Furthermore, in addition to the aforementioned benefits, there is a notable focus on the safety of the drug. Numerous studies have provided evidence that nanoformulations incorporating active ingredients from TCM demonstrate minimal harm to surrounding tissues, maintain stability in the bloodstream, and do not typically trigger hemolytic reactions.^153,154 Additionally, researchers have evaluated liver and kidney function, as well as blood biochemical markers, in mice following drug administration, with results indicating a favorable safety profile for these nanopreparations.¹⁵⁵

The efficiency of drug delivery, which is intricately linked to drug effectiveness, is impacted by various factors such as the intrinsic characteristics of the nanopreparation and the physiological environment.¹⁵⁶ The size of the nanoparticle is a key determinant in its biodistribution, with smaller particles displaying improved tissue penetration but also increased susceptibility to clearance in circulation.¹⁵⁷ Furthermore, the zeta potential of the nanoformulation is a critical parameter for assessing drug stability.¹⁵⁸ Unstable nanoformulations are susceptible to premature depolymerization in the circulatory system, hindering their ability to reach the desired target site. Additionally, the body’s natural clearance mechanisms, such as the immune system, liver, and kidneys, present obstacles to successful drug delivery.¹⁵⁹ To overcome immunological clearance, researchers have sought to coat the external surface of nanoformulations with biologically-derived membranes, such as those sourced from red blood cells, white blood cells, platelets, and other sources.^160–163 This strategy aims to evade recognition and phagocytosis by immune cells present in the circulatory system.

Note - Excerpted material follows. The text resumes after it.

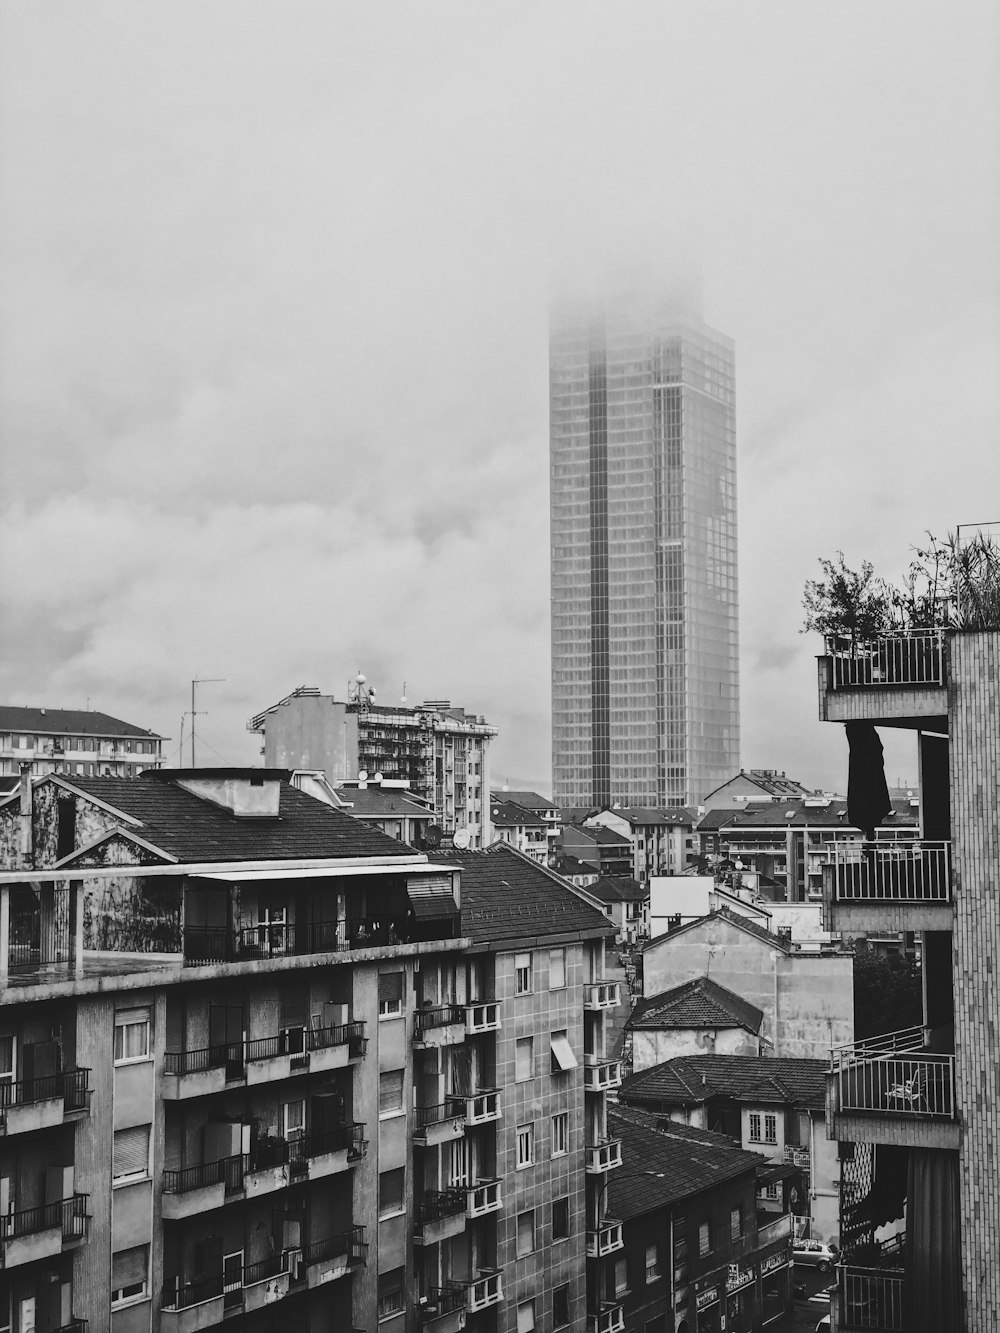 fotografia in scala di grigi della città con grattacieli e case
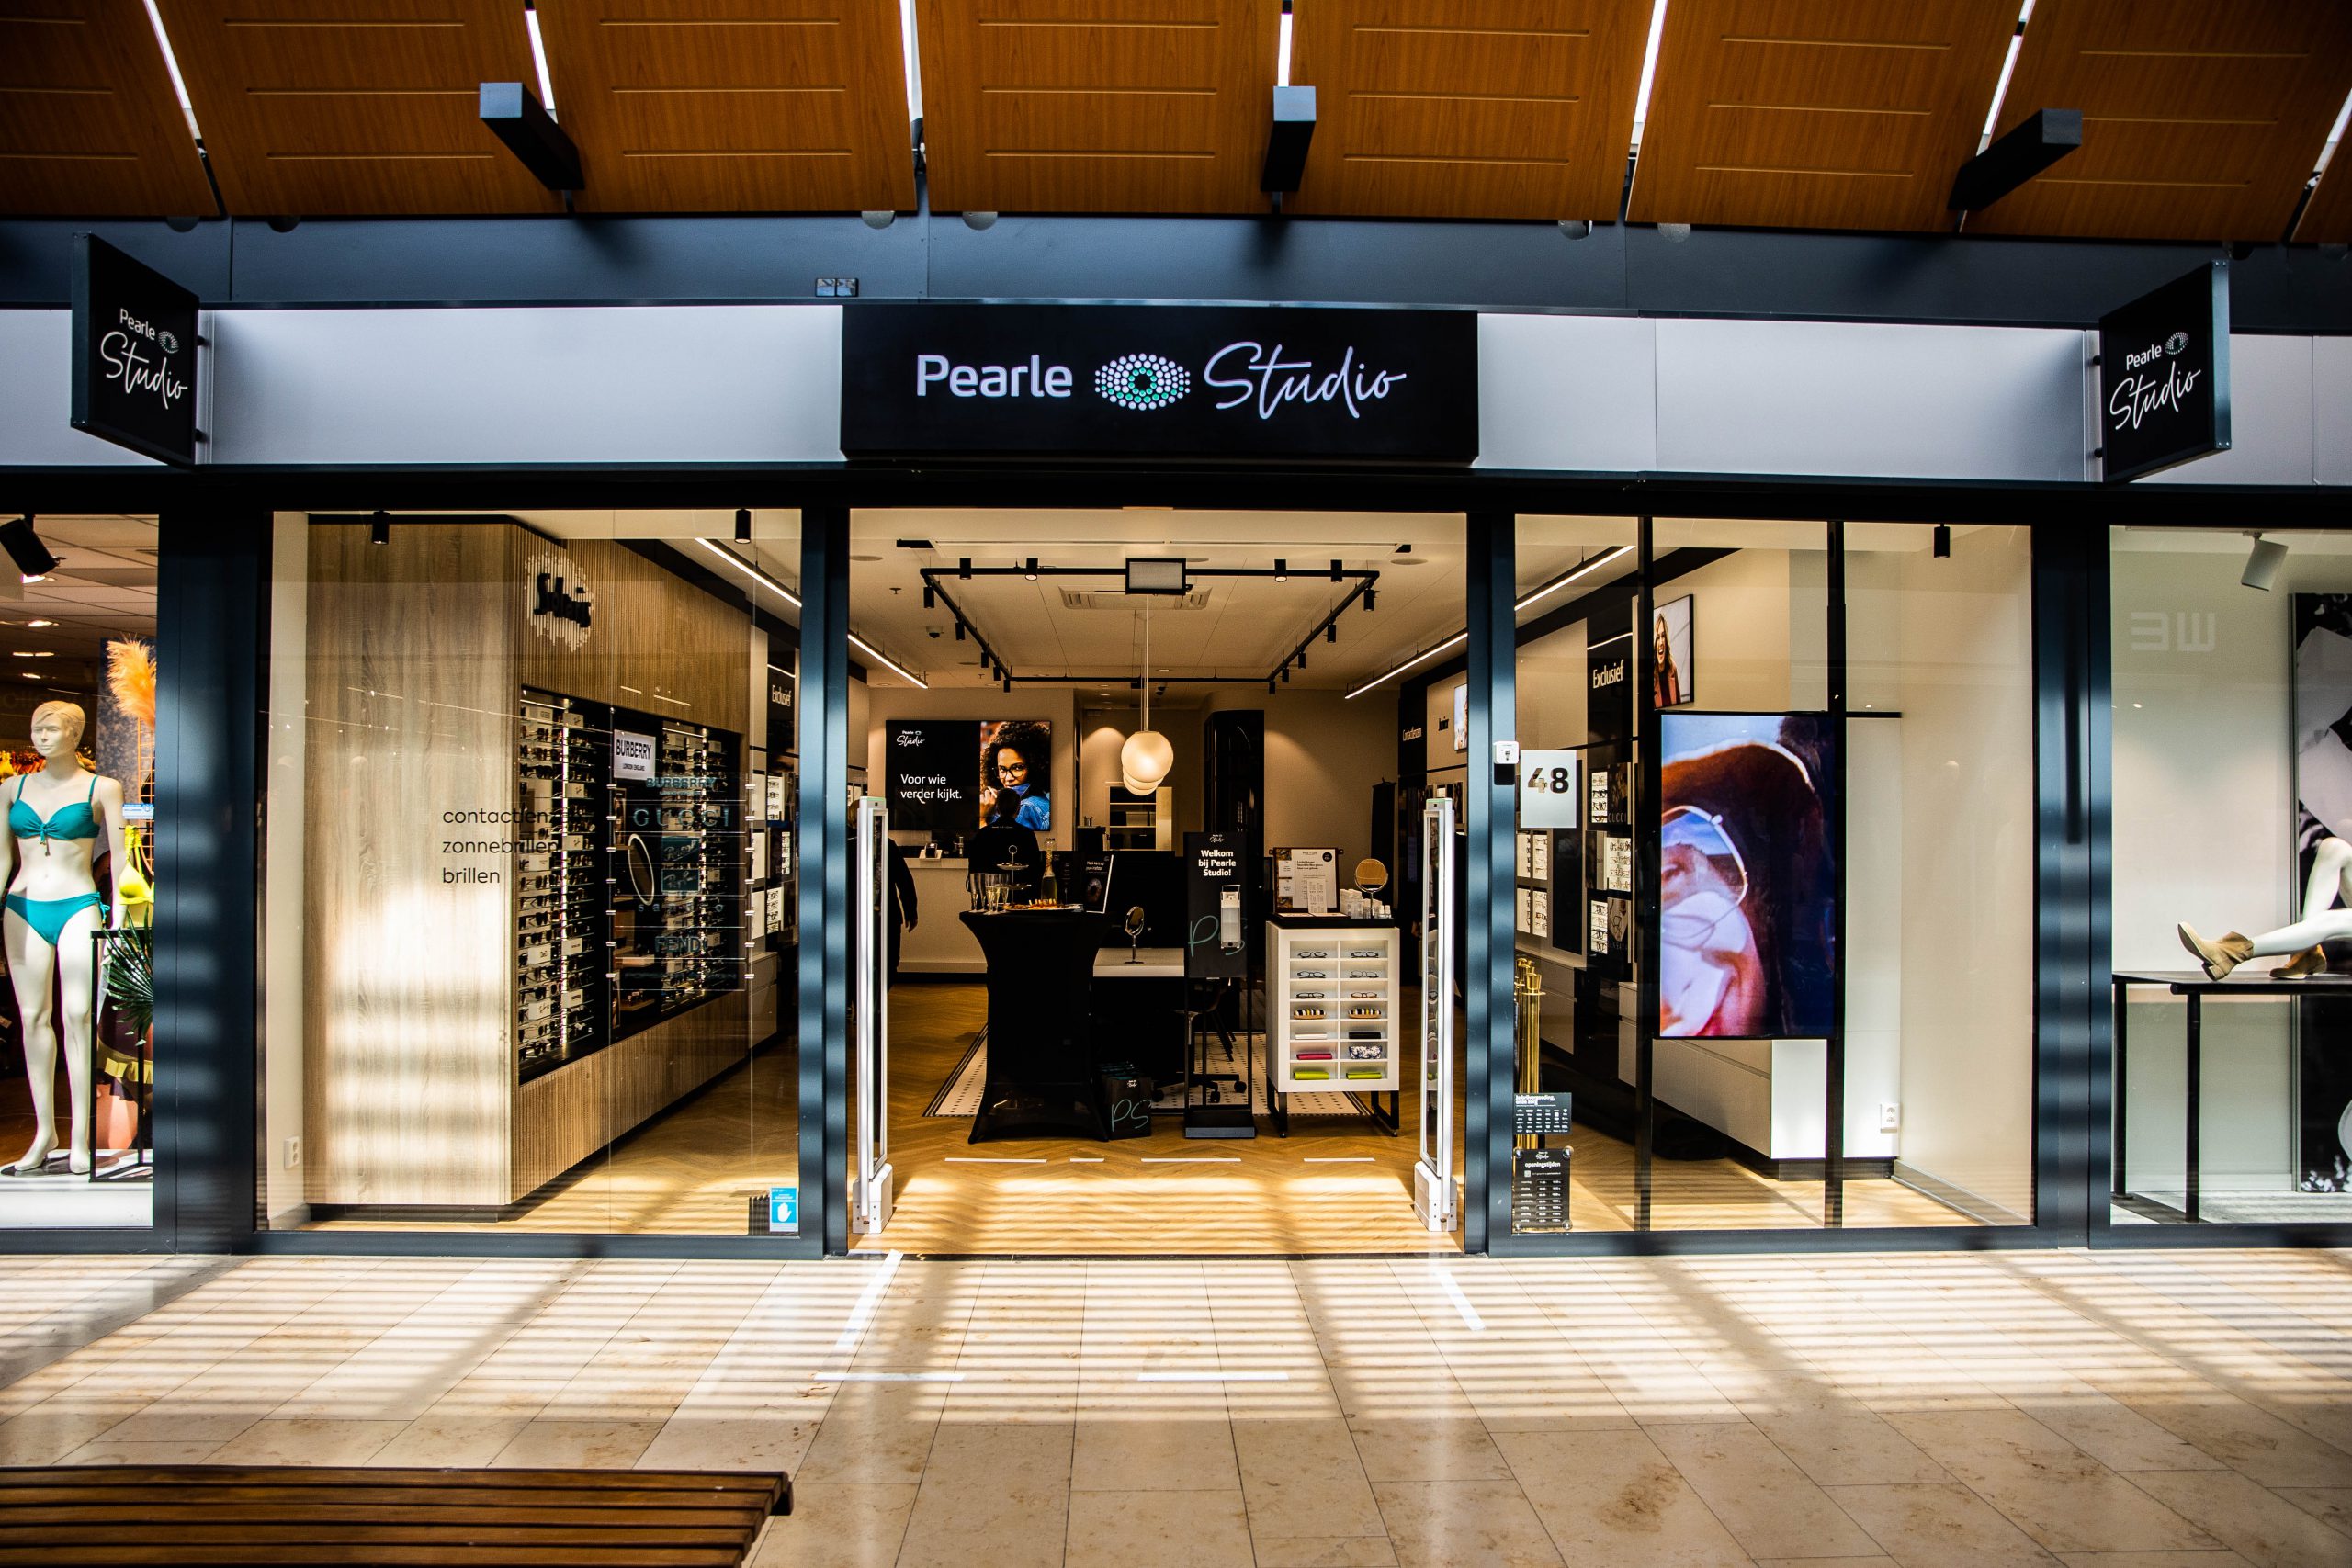 Correlaat Verlammen ventilator Nieuwe winkelformule Pearle Studio geopend op Cityplaza - De Digitale Stad  Nieuwegein

The synergistic benefits of integrating autophagy-regulating active components from TCM with nanoformulations have been demonstrated to effectively leverage complementary advantages. As previously elucidated, TCM’s active components possess advantages over conventional chemotherapeutic agents, including multi-targeting capabilities, reduced toxicity, and potent synergistic effects. Nevertheless, these active components are hampered by limitations such as poor solubility, low bioavailability, and a short blood circulation cycle, which impede their clinical utility in cancer therapy. Fortunately, the utilization of nano-delivery platforms offers a promising solution to overcome these challenges. The active components of TCM demonstrate multitarget effects by concurrently activating the autophagy-related pathway and inducing apoptosis, ferroptosis, and ICD. Autophagy, in this context, plays a “double-edged sword” role.¹⁶⁴ Numerous studies have shown that autophagy induction impedes apoptosis, diminishing the protective effects of autophagy when autophagy inhibitors are utilized.^165,166 On the contrary, additional research has demonstrated that autophagy facilitates ferroptosis and ICD, resulting in heightened anti-tumor efficacy when autophagy-inducing agents are utilized in combination.¹⁶⁷ Nanoformulations provide a mechanism for implementing multi-drug regimens, enabling the concurrent administration of multiple drugs at the tumor site, thereby facilitating synergistic therapeutic outcomes.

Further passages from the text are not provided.